Unbelievably it is the end of week 10 and it will be strange easing off to move onto thinking about the final assignment without having any formal additional reading or activities to attend to.

This week continued the theme throughout the course, with me remembering the human within technological achievement. The week began with a Jisc video which includes a message from Sheila McNeill : “...it is really important that we don’t forget the human element of learning analytics. It is easy to get carried away by technology, by the data, by the dashboards…”

Many other entries focused on visualising data and some of the beautiful objects and art that arises from (I suspect the assignment might be on my mind).

Finally, through the analysis of the Tweetorial and discussions during the Hangout I began to suspect that I look at the data perhaps somewhat differently.  It was raised that the data privileged quantity over quality and it was clear that in the data sets those who shout loudest and most often win the day.

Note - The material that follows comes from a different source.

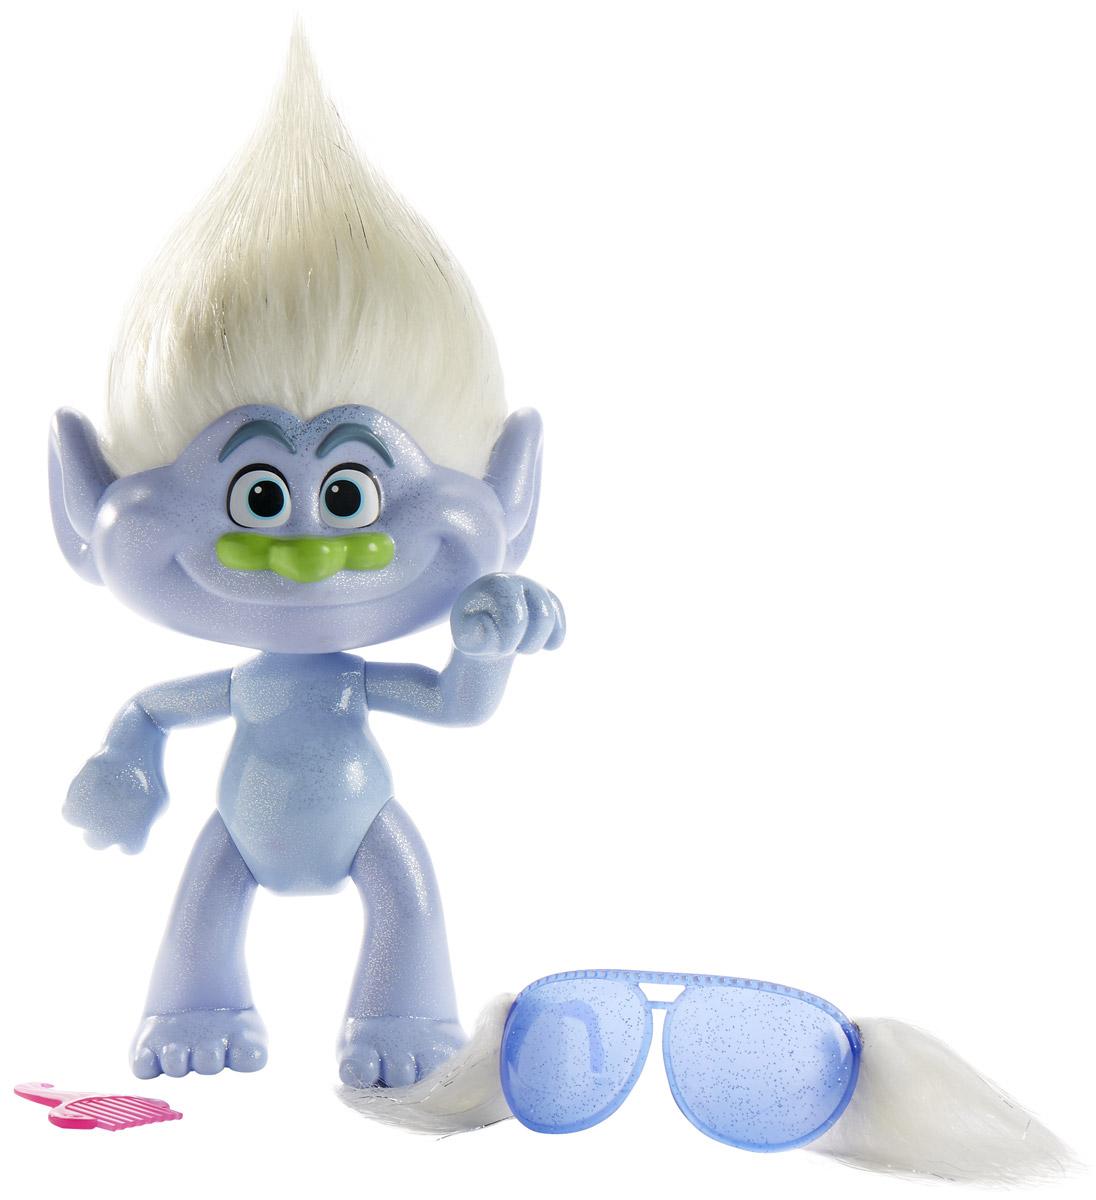 Trolls Большая фигура Тролль Guy Diamond 35 смB8999EU4Фигурка Trolls Тролль Guy Diamond исполнена по мотивам полнометражного мультфильма Trolls. Тело фигурки выполнено из голубого пластика с блестками. Обаятельный тролль имеет милую физиономию с торчащими вверх белыми волосами и зеленым носом. В комплекте с фигуркой входят: расческа, чтобы причесывать своего нового друга и стильные очки. Глаза фигурки тщательно прорисованы. Очаровательная фигурка имеет подвижные части тела и подробно детализирована. Забавная игрушка поднимет настроение и поможет придумать массу интересных сюжетов для занимательной игры, развивая фантазию и воображение ребенка.

Even out and about in the park I was seeing ‘networks’ in everything

However, I saw the data as how I experienced the tutorial. I generally hang back and think about replies for quite a while before pressing send. Throughout the two days I probably deleted as many tweets as I sent. For me, it was more about being in a class, yes the topic was serious and I did file away papers and links but I chatted and learned from my classmates and felt part of #mscedc, something I chatted further about off lifestream.

The data will never be simply numbers to me, I will always want to analyse thinking of the humans as the nodes, joining and connecting. Maybe lots but maybe less, like the organic nature of a tree with many branches and buds, as the ‘visible’, roots and seeds as the ‘invisible‘. I still believe our networks are too complex to be reduced to this binary referred to in Knox (2014).

Reference:

Knox, J. (2014). Abstracting Learning Analytics. Code Acts in Education ESRC seminar series blog. http://codeactsineducation.wordpress.com/2014/09/26/abstracting-learning-analytics/

Comment on LARC learning analytics report 13/03/17 by cthomson

Hi Jeremy, my annotations were an attempt to critically consider the data that was gathered yet not actually used, as well as what was used. So in answer to your question I think context could be measured to some extent without more sophisticated analytics.

For example, if the report had considered my weekly average with the class weekly average (rather than the displayed course average) then it could have acknowledged ‘something’ going on across the class. So the low numbers would look less stark against the class numbers for each week.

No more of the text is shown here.